Just wondering the range of values and the number of each Home theater there with all the site members included, is there a way for the admin to perform a pole/form where people could list value and even type of equipment stc. We have a fairly high end with a Sony LCcoS and crown amps driven by the processor and 6 channel (2 front, 2 side, 2 rear with a folded horn for the sub. Pretty wild on the Super 8 train wreck and the sound on Gravity with the discrete channels was impressive.
Just wondering how far reaching the range is not to mention $$$ spent on room styles, ( I like Steam Punk Captian Nemo stuff).
paul


----------



## NBPk402 (Feb 21, 2012)

I voted in the $8-$10k for our equipment as I have been carefully purchasing a lot of used speakers. If I had been purchasing new it would have easily hit $15-$20k.


----------



## rawsawhd (Apr 10, 2014)

Are you asking the money spent on just our home theater?
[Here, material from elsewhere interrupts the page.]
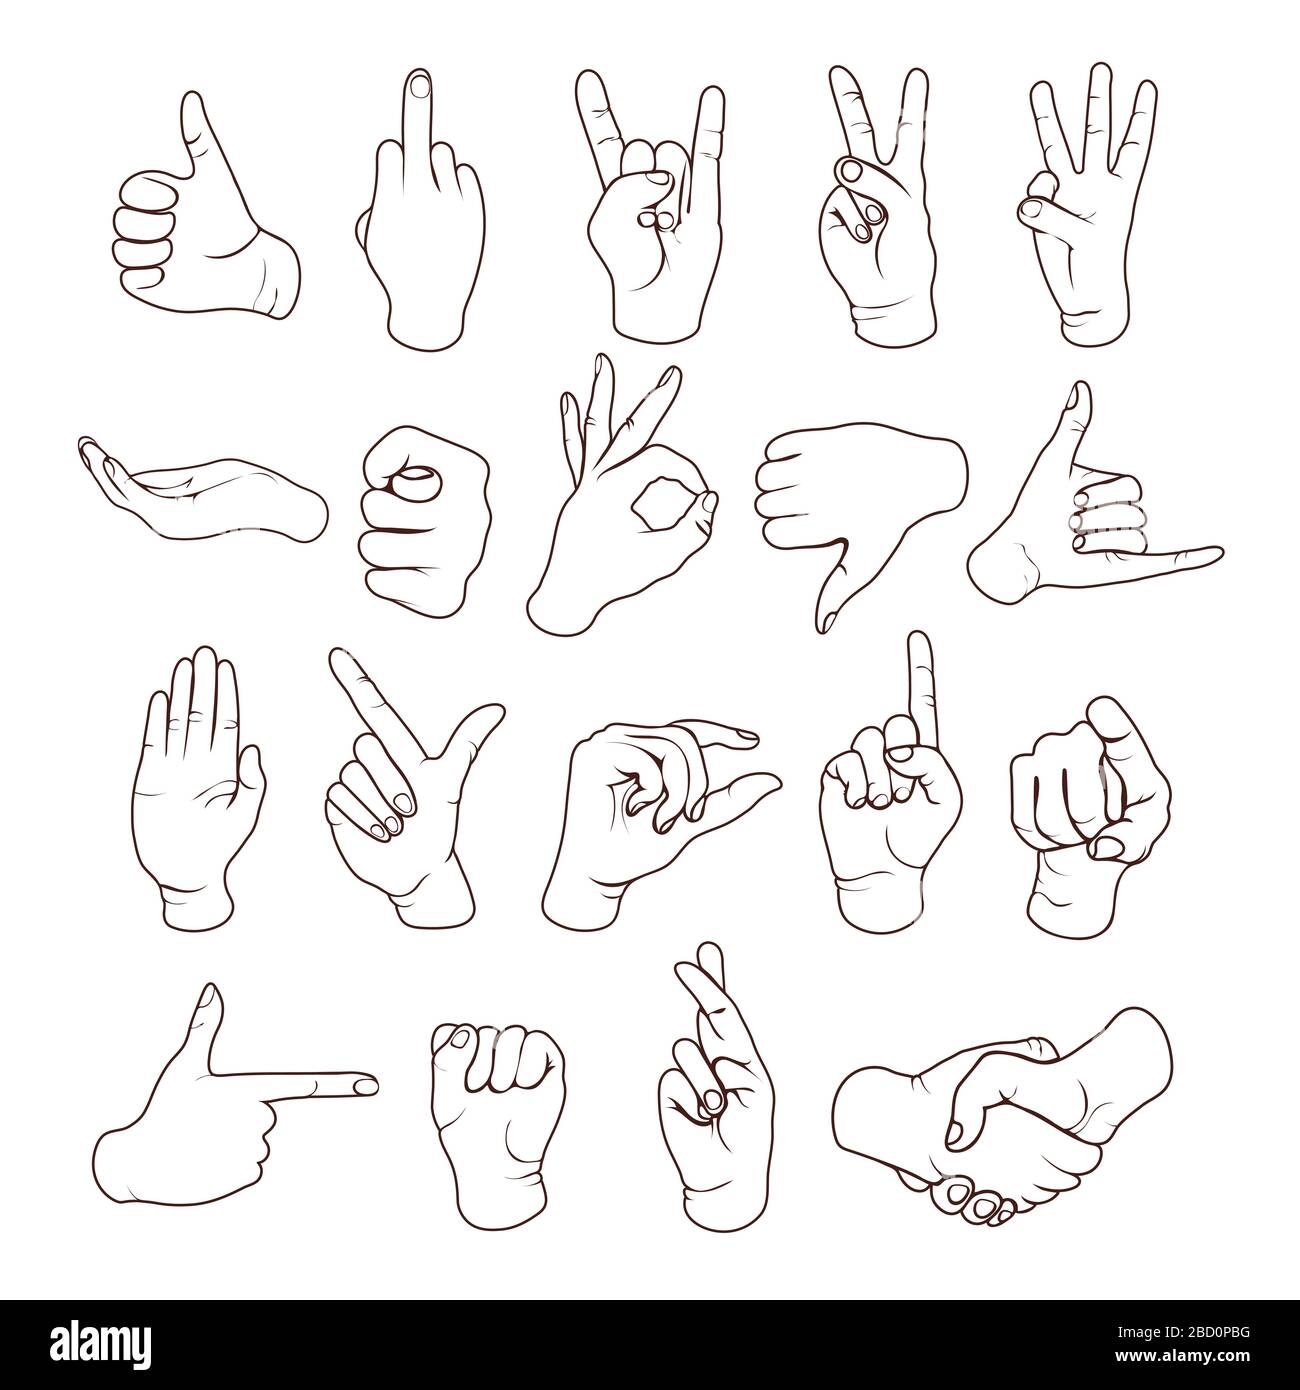 Contorni dei gesti delle mani, segni delle dita, set di icone del linguaggio dei segni, stencil, logo, silhouette. Disegno di linea del polso, le mani che mostrano vari simboli classici è Illustrazione Vettoriale

I have multiple setups in my home. Plus equipment was purchased as recently as last week and all through the last 20yrs. I guess the easiest way to answer would be, if there was a fire and I had to replace all my equipment with exact replacement or equivalent gear it would be $20-30k... Thats not counting movie/audio collection...


----------



## ALMFamily (Oct 19, 2011)

rawsawhd said:


> Are you asking the money spent on just our home theater? I have multiple setups in my home. Plus equipment was purchased as recently as last week and all through the last 20yrs. I guess the easiest way to answer would be, if there was a fire and I had to replace all my equipment with exact replacement or equivalent gear it would be $20-30k... Thats not counting movie/audio collection...


+1 - hopefully, my wife never reads this to see what I really spent down there.... :bigsmile:


----------



## chashint (Jan 12, 2011)

I have never setup a poll so I am unfamiliar with the limitations built into the website...six selections with so many line items will certainly skew/affect the results.


----------



## NBPk402 (Feb 21, 2012)

chashint said:


> I have never setup a poll so I am unfamiliar with the limitations built into the website...six selections with so many line items will certainly skew/affect the results.
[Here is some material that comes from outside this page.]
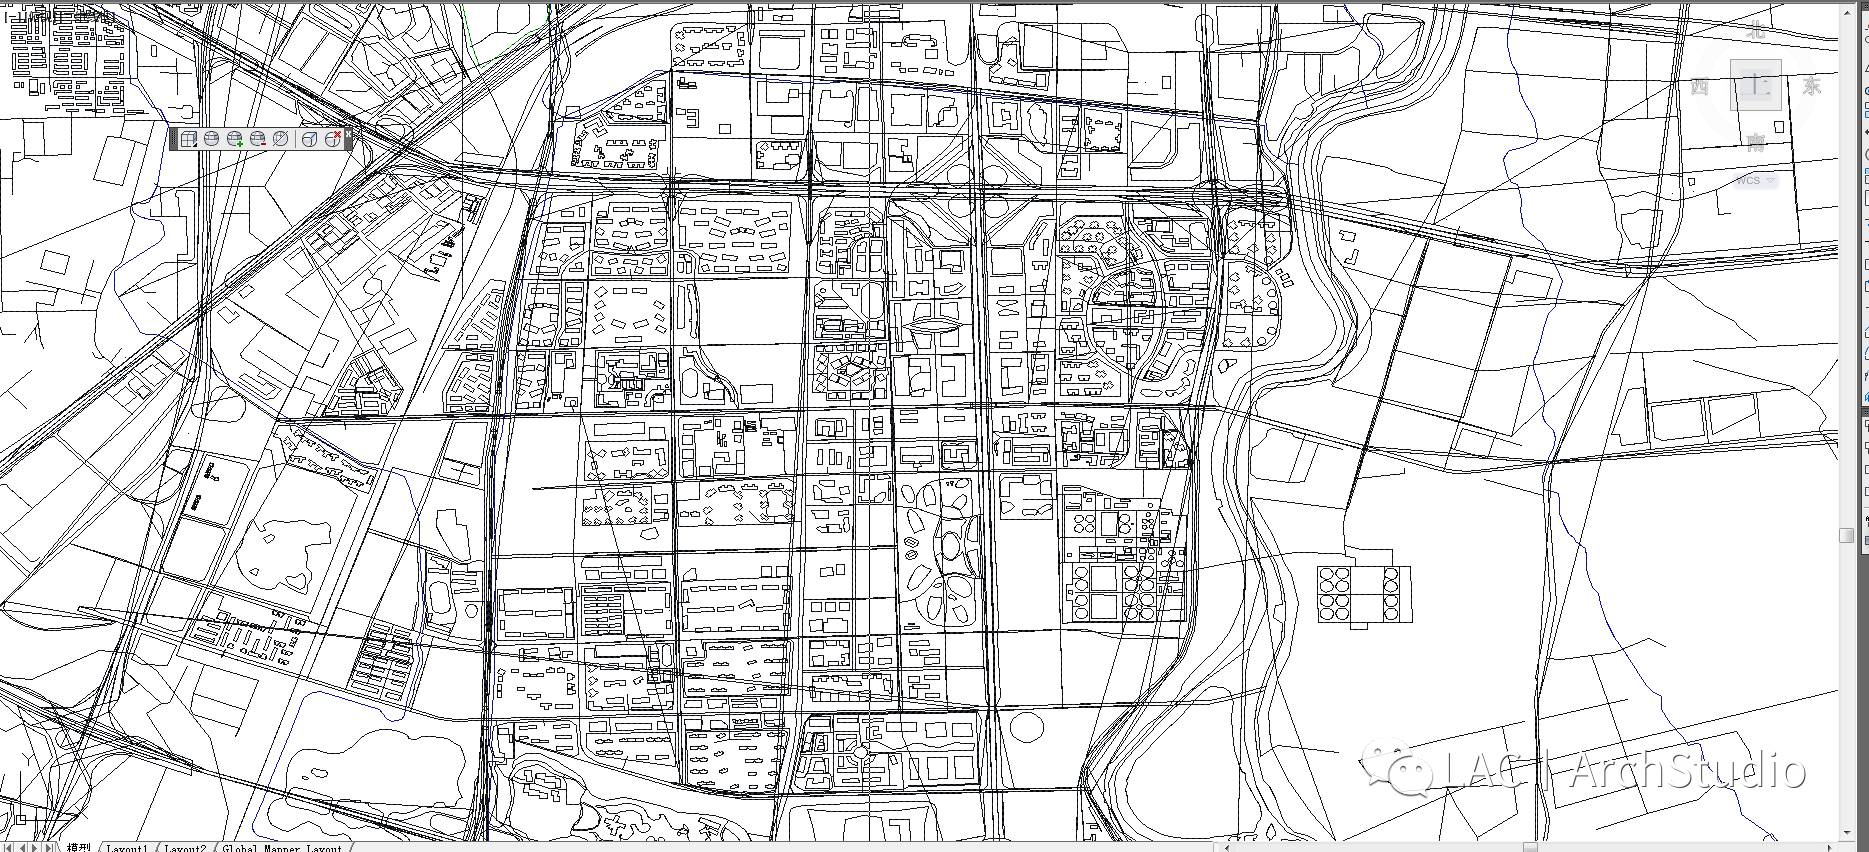 总结:这是可以下载中国十个主要城市的cad地图,那如何做到任何地区的

I think it will be ok... It comes down to 7 categories.
Equipment cost 500-1,000
Equipment cost 1,000-2,000
Equipment cost 2,000-4,000
Equipment cost 4,000-6,000
Equipment cost 6,000-8,000
Equipment cost 8,000-10,000
Equipment cost 10,000 and up
LCD	
DLP	
LCoS
Soundbar	
No Soundbar
Subwoofer	
No Subwoofer
Main Floor	
Basement	
Multi-Use room
Dedicated Theater room 
Modern	
Contemporary
Steam Punk
Room acoustic treatment


----------



## chashint (Jan 12, 2011)

Are there pictures of the Steam Punk home theater ??


----------



## NBPk402 (Feb 21, 2012)

chashint said:


> Are there pictures of the Steam Punk home theater ??


I found one here, and here.


----------



## TheaterAdviceGuy (May 3, 2014)

The equipment in my Theater is North of $45,000 and the room trim out is $65,000. To recreate it for a client would be $110,000 with the seating.


----------



## chashint (Jan 12, 2011)

ellisr63 said:


> I found one here, and here.


Thanks, I appreciate the links.


----------



## 3dbinCanada (Sep 13, 2012)

Before I vote, The equipment costs used will be MSRP values?


----------



## NBPk402 (Feb 21, 2012)

3dbinCanada said:


> Before I vote, The equipment costs used will be MSRP values?
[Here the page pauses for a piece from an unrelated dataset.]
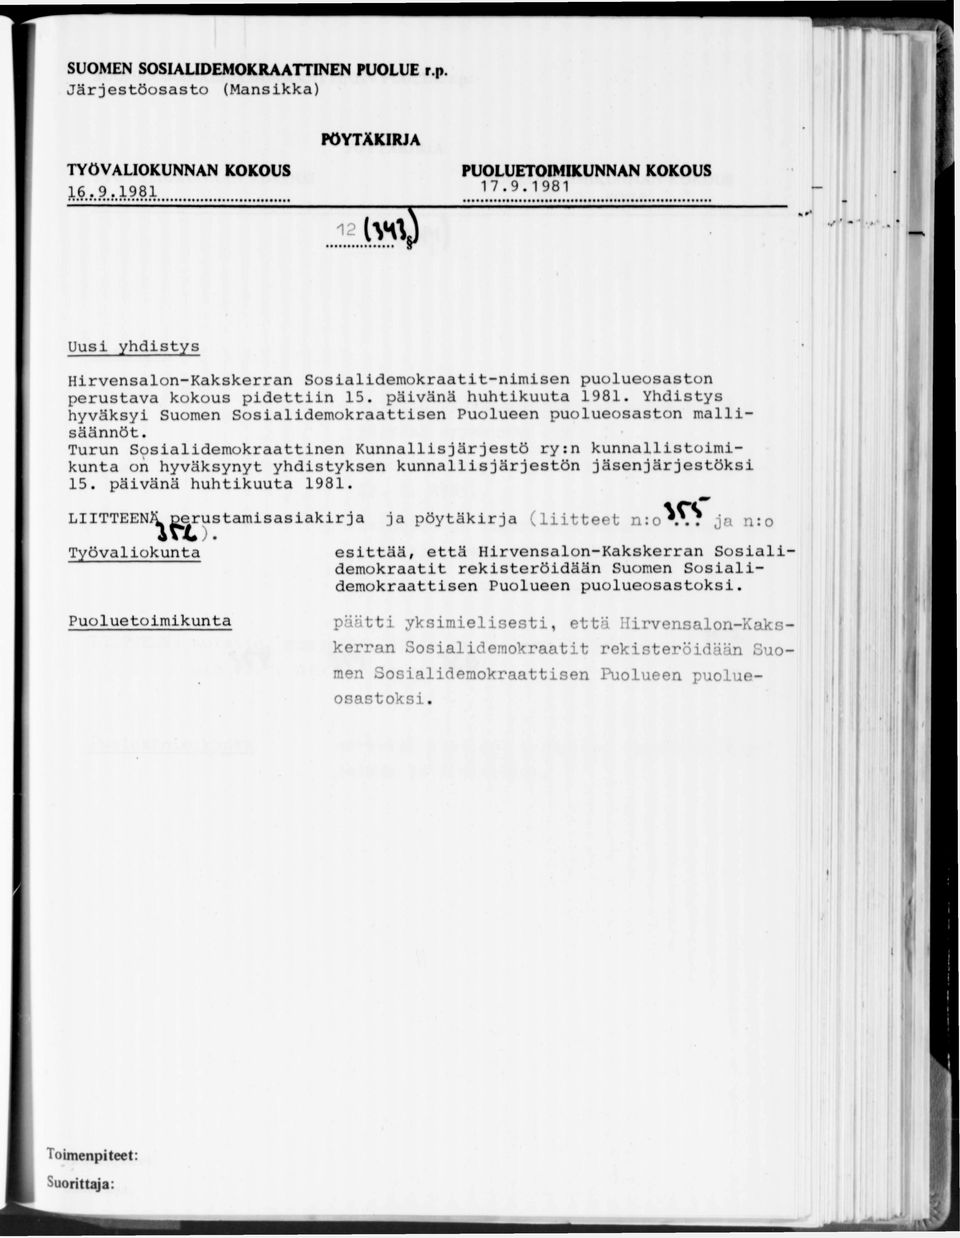 Turun Scpsialidemokraattinen Kunnallisjärjestö ry:n kunnallistoimikunta on hyväksynyt yhdistyksen kunnallisjärjestön jäsenjärjestöksi 15. päivänä huhtikuuta 1981.

I did mine at actual costs. :T


----------



## grn1969c10 (Sep 18, 2008)

I assume "modern" and "contemporary" (and steam punk) are descriptive of the home theater room décor. What is the difference between modern and contemporary? One implies "of the present time" and the other " of the same time". My furniture is a decade old or more. Does that make it contemporary - I'm out of date and it is too? lddude:


----------



## J&D (Apr 11, 2008)

Just recently upgraded to an Sony LCos PJ (From a Panasonic AX200). I found a very nice, gently used copy that someone had taken very good care of. This has been the single best upgrade to date and the picture is stunning. Even though I finished my dedicated HT over seven years ago it feels like a brand new room again.


----------